__Exercise__
Skip every picture, and copy exactly the lines from the one containing "Wallpapers France Saint" to the end of the data.

__Supplied information__
+-------+

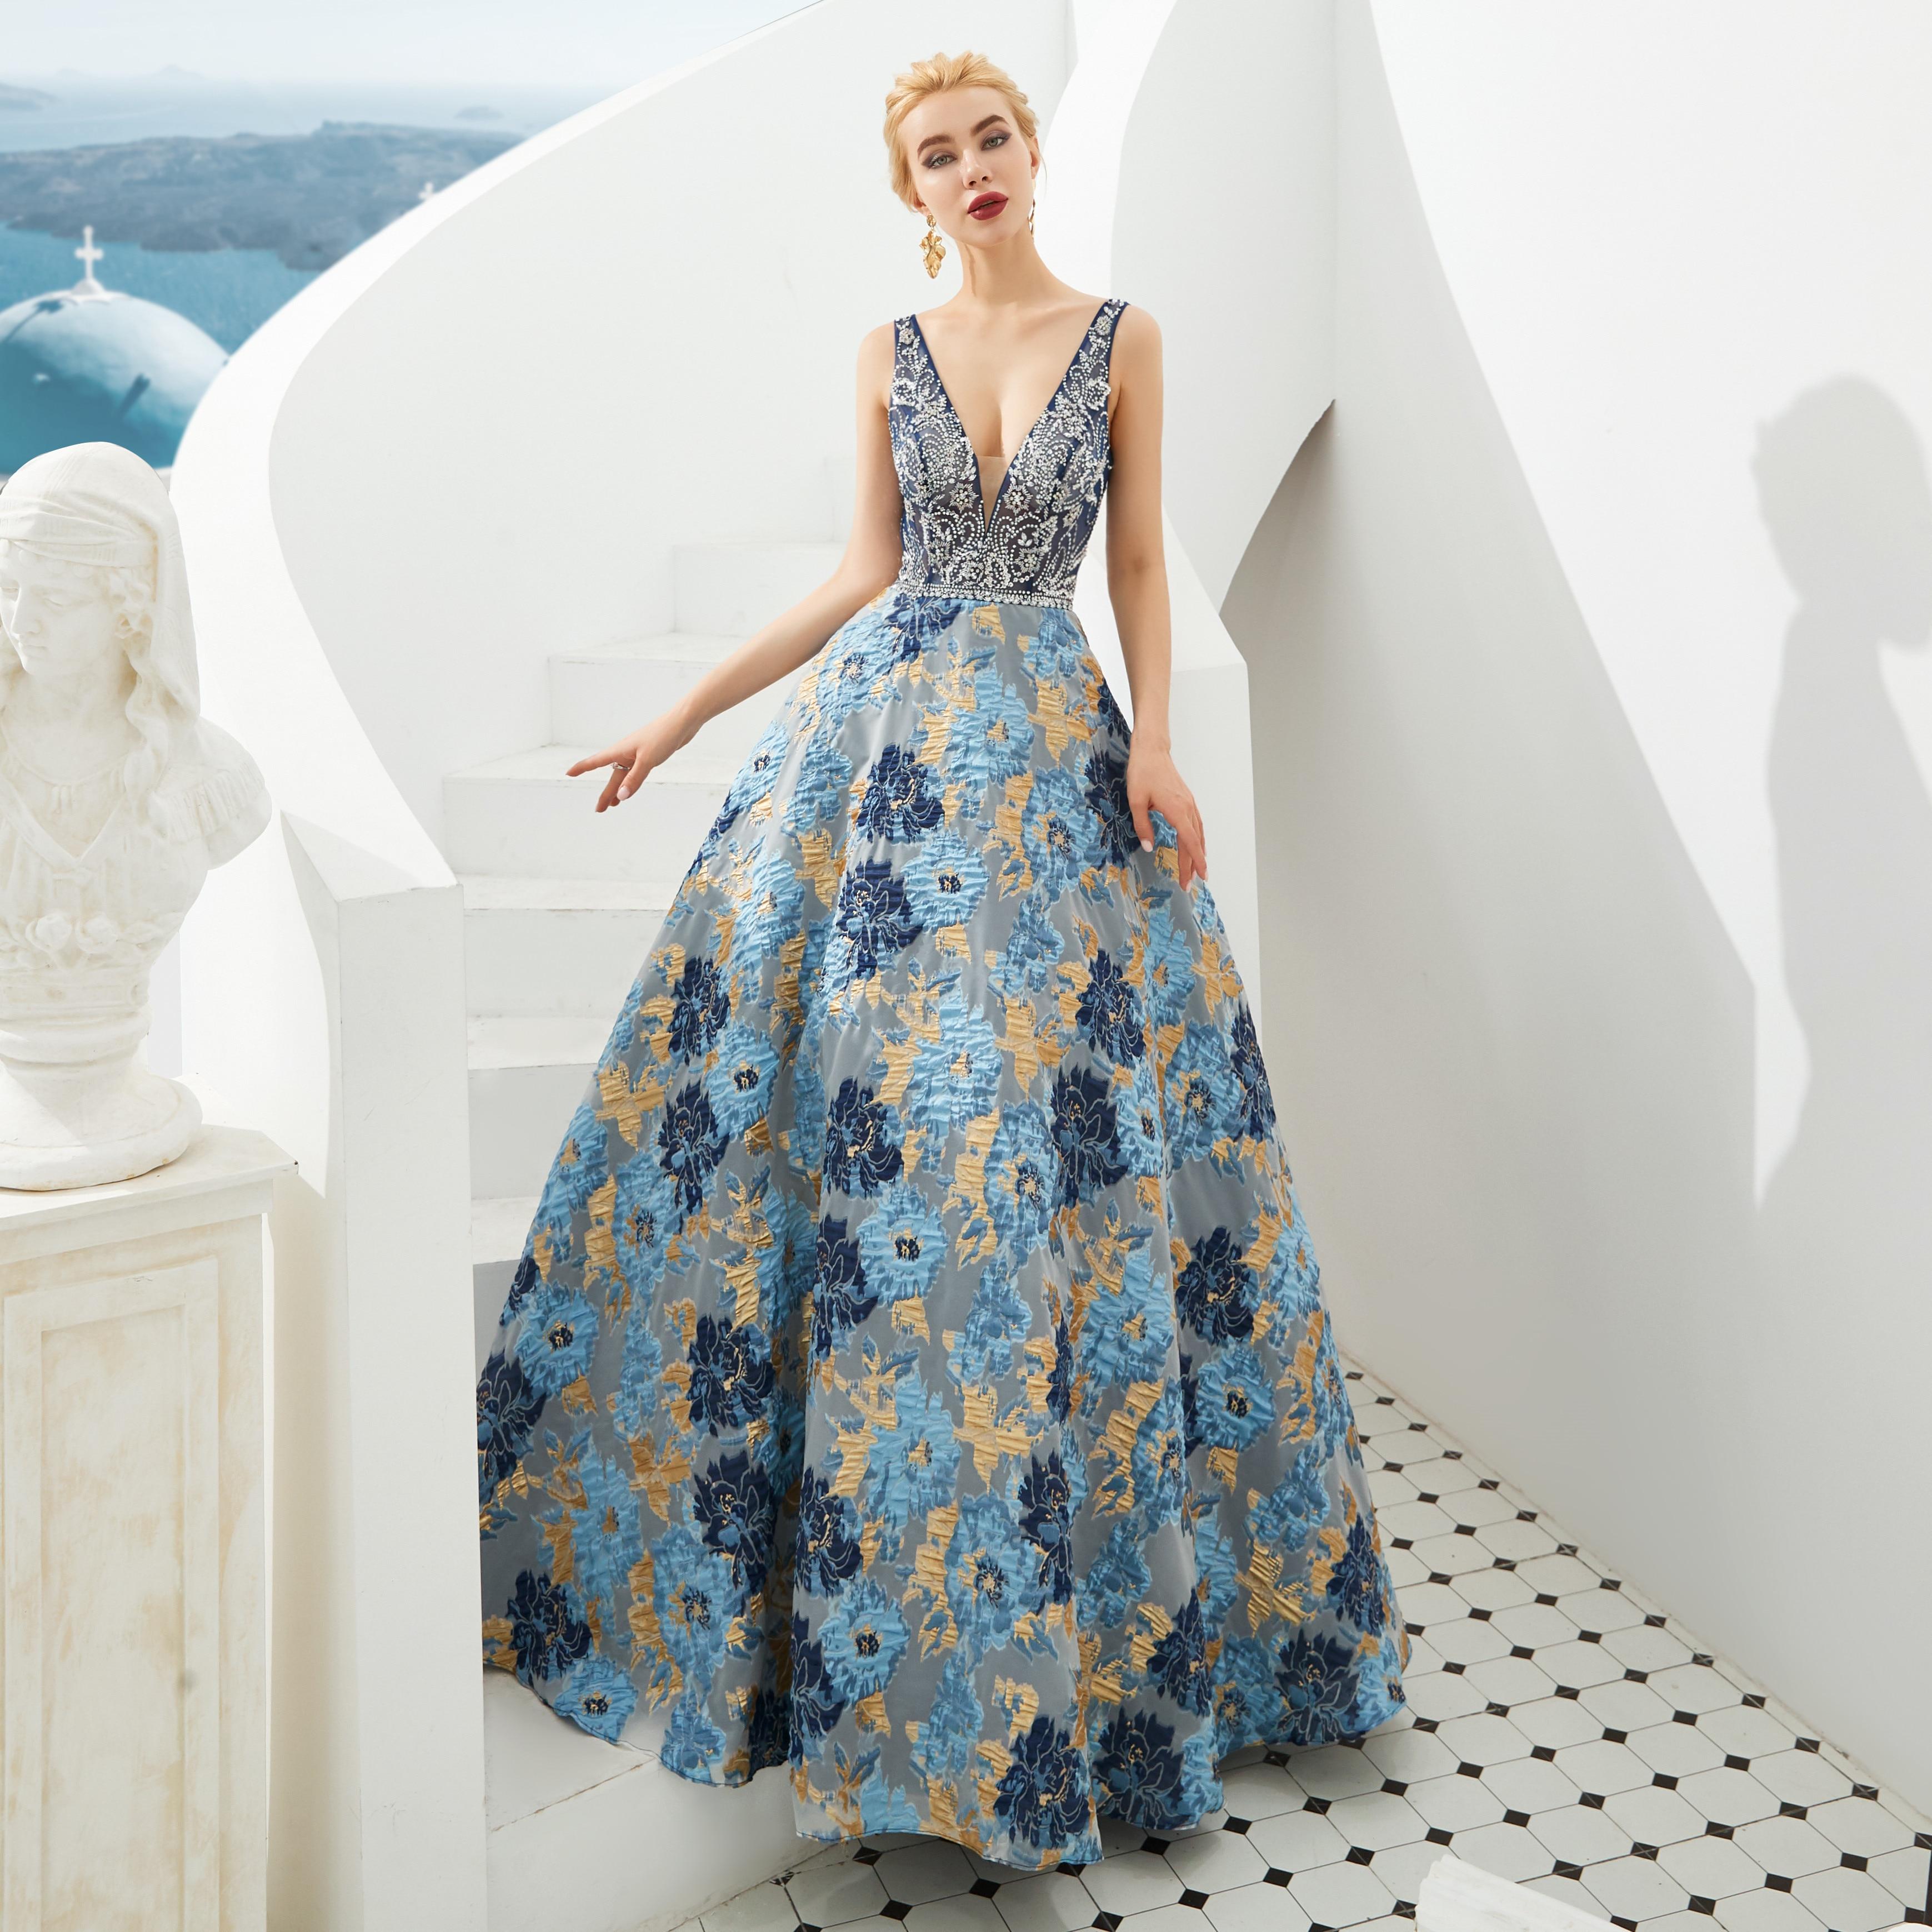 2019 col en V robes de bal Floral imprimé robes de soirée robe formelle robe Avondjurken Gala Jurken
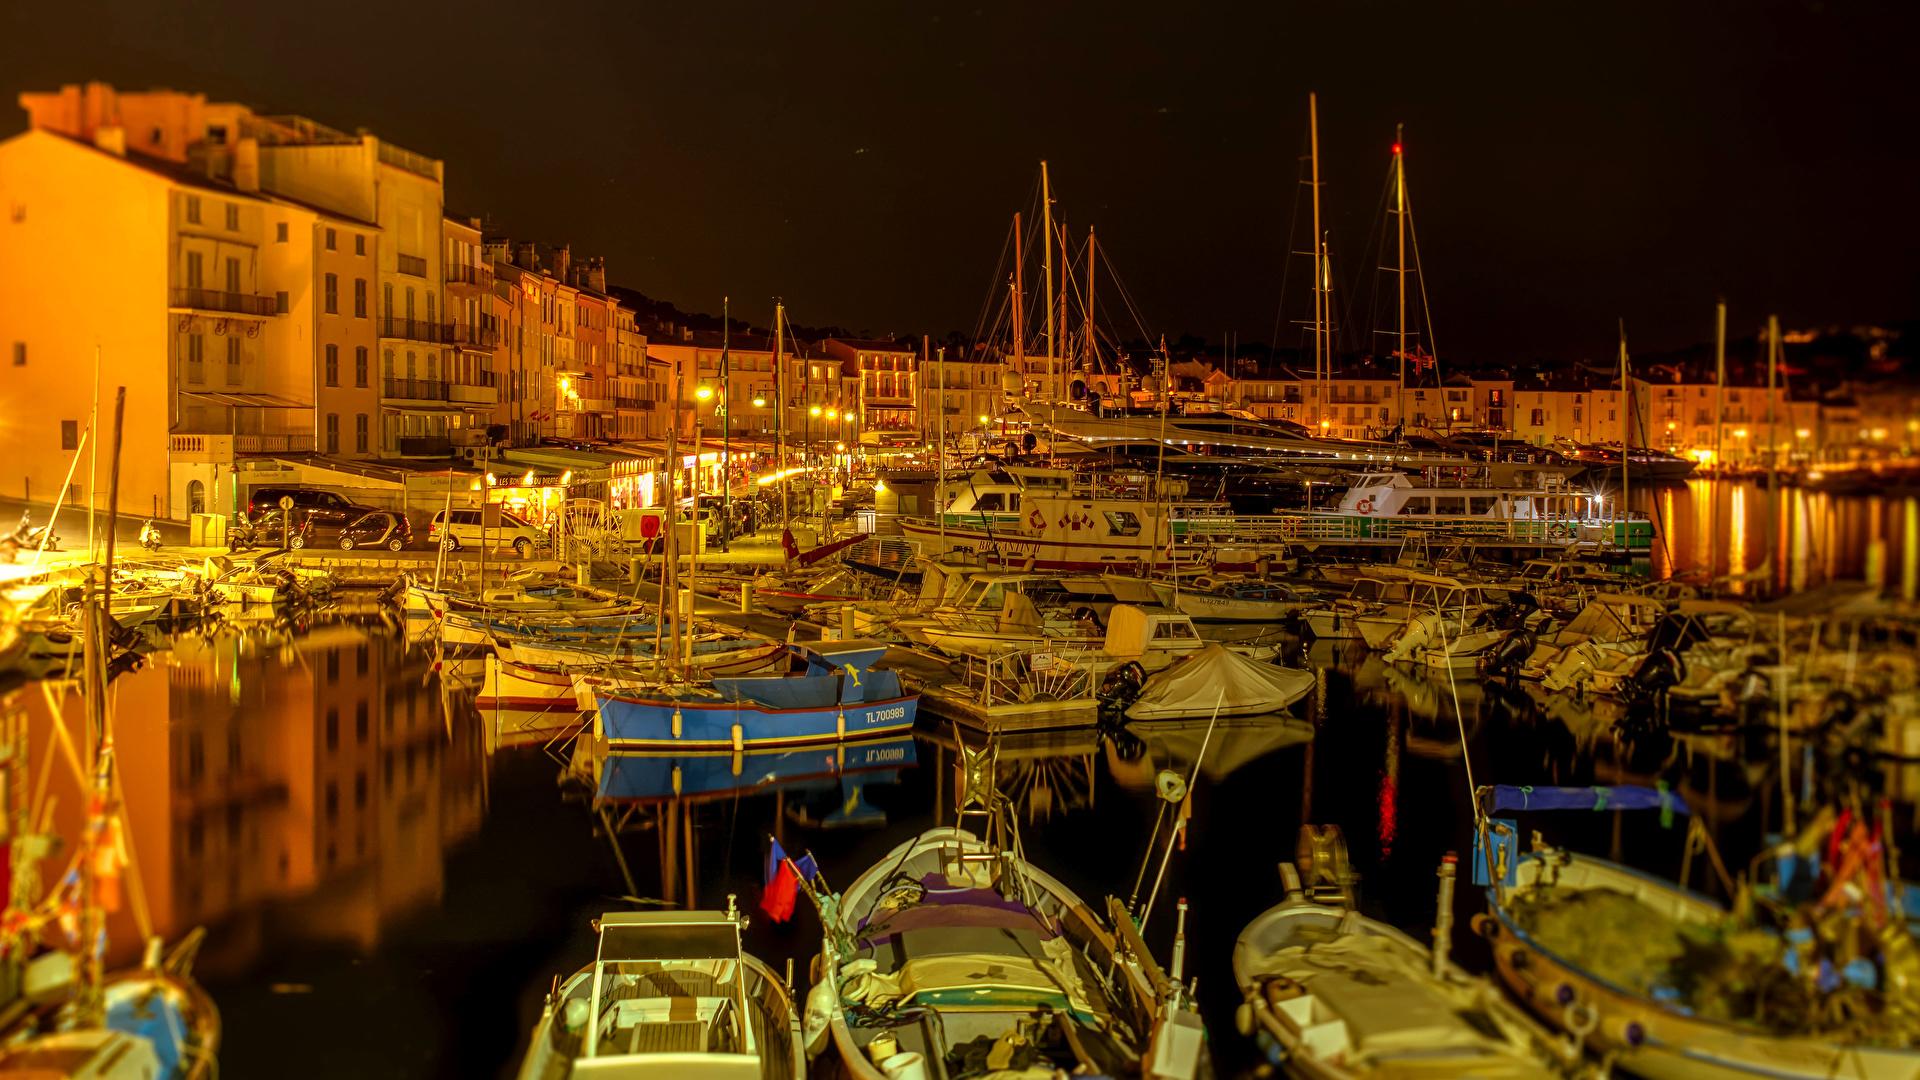 Wallpapers France Saint Tropez Pier Sailing night time 1920x1080 1920x1080
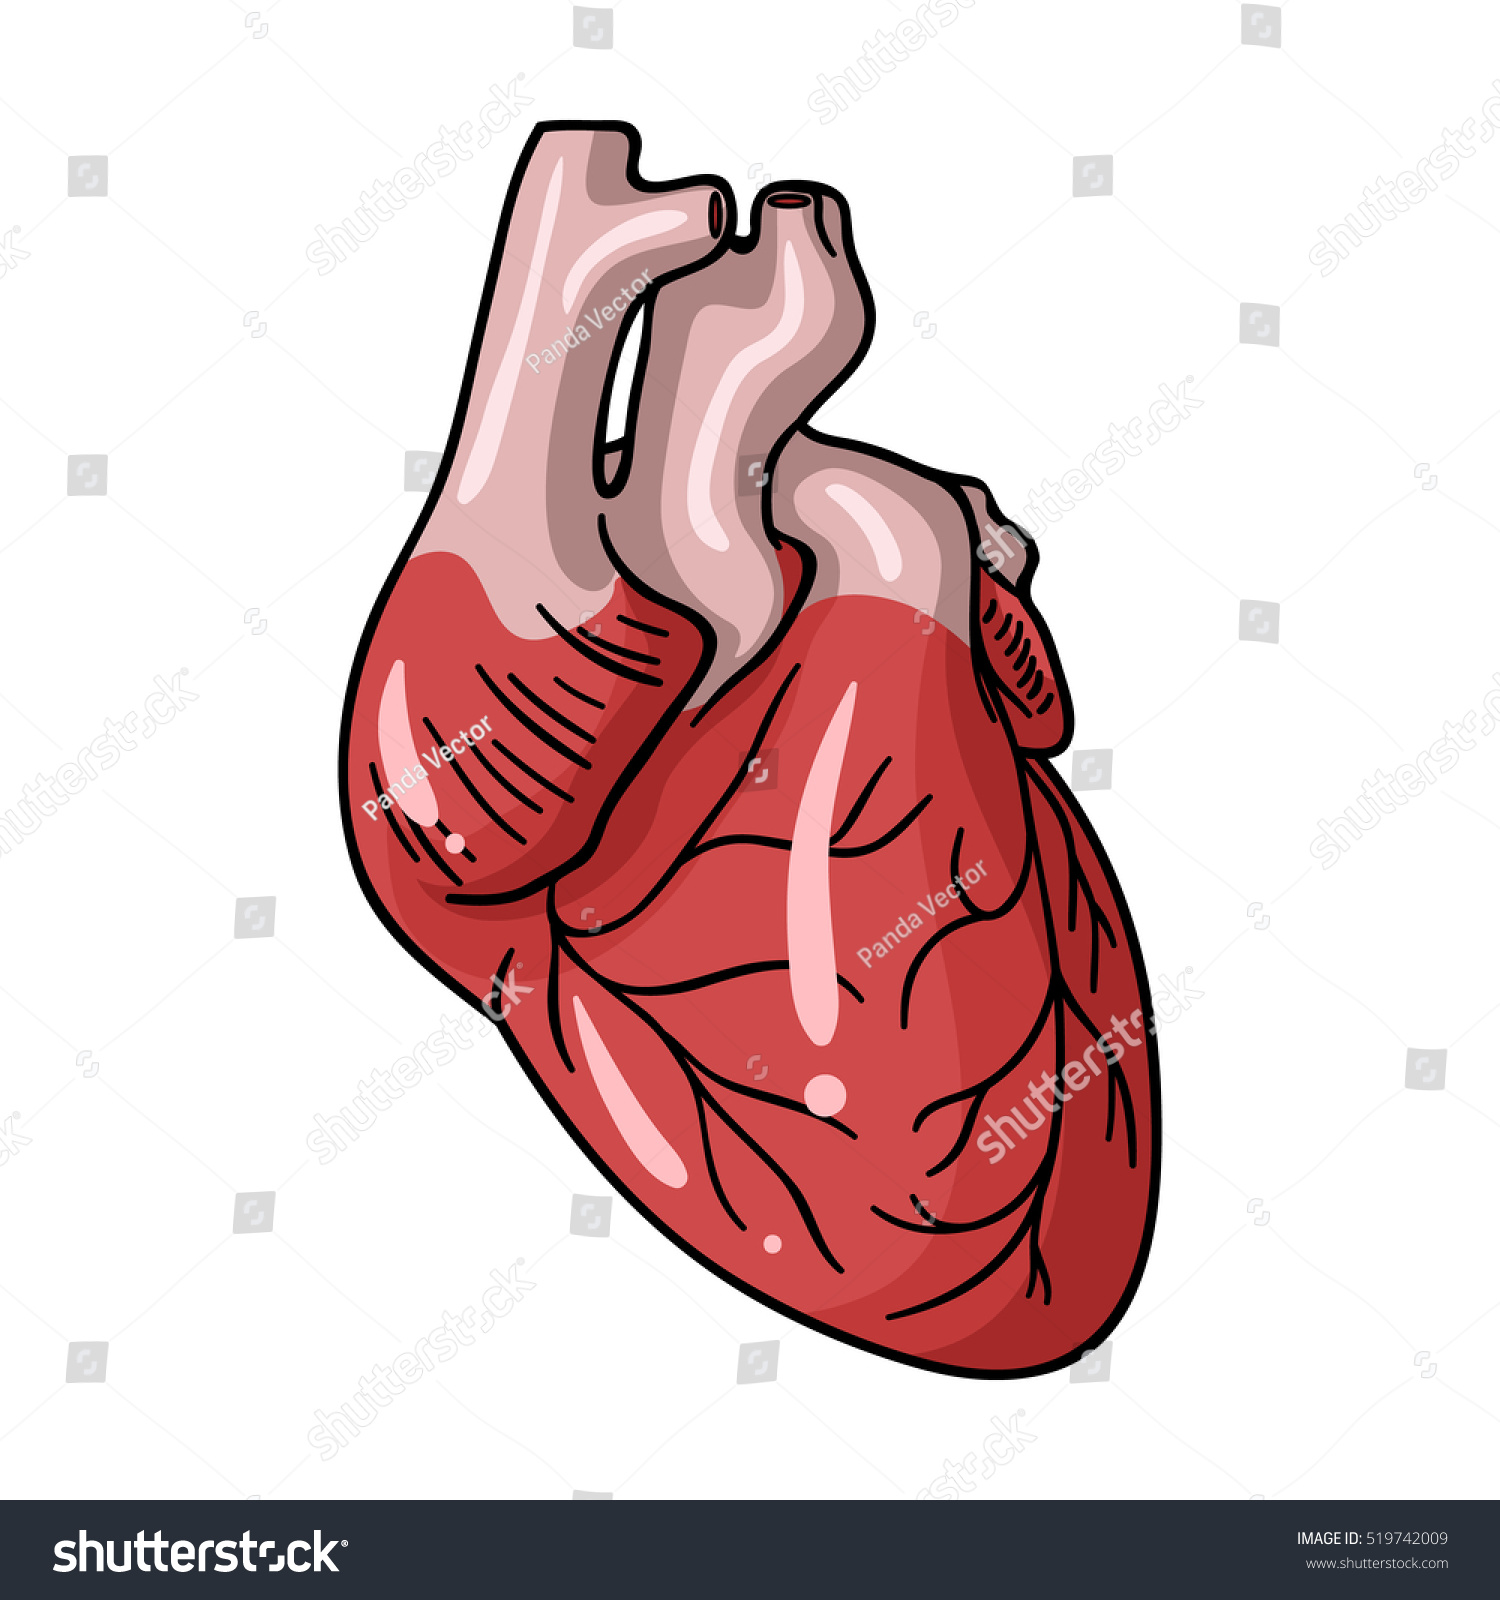 Human heart icon in cartoon style… Stock Photo 519742009

+-------+

__Task solution__
 Wallpapers France Saint Tropez Pier Sailing night time 1920x1080 1920x1080
 Human heart icon in cartoon style… Stock Photo 519742009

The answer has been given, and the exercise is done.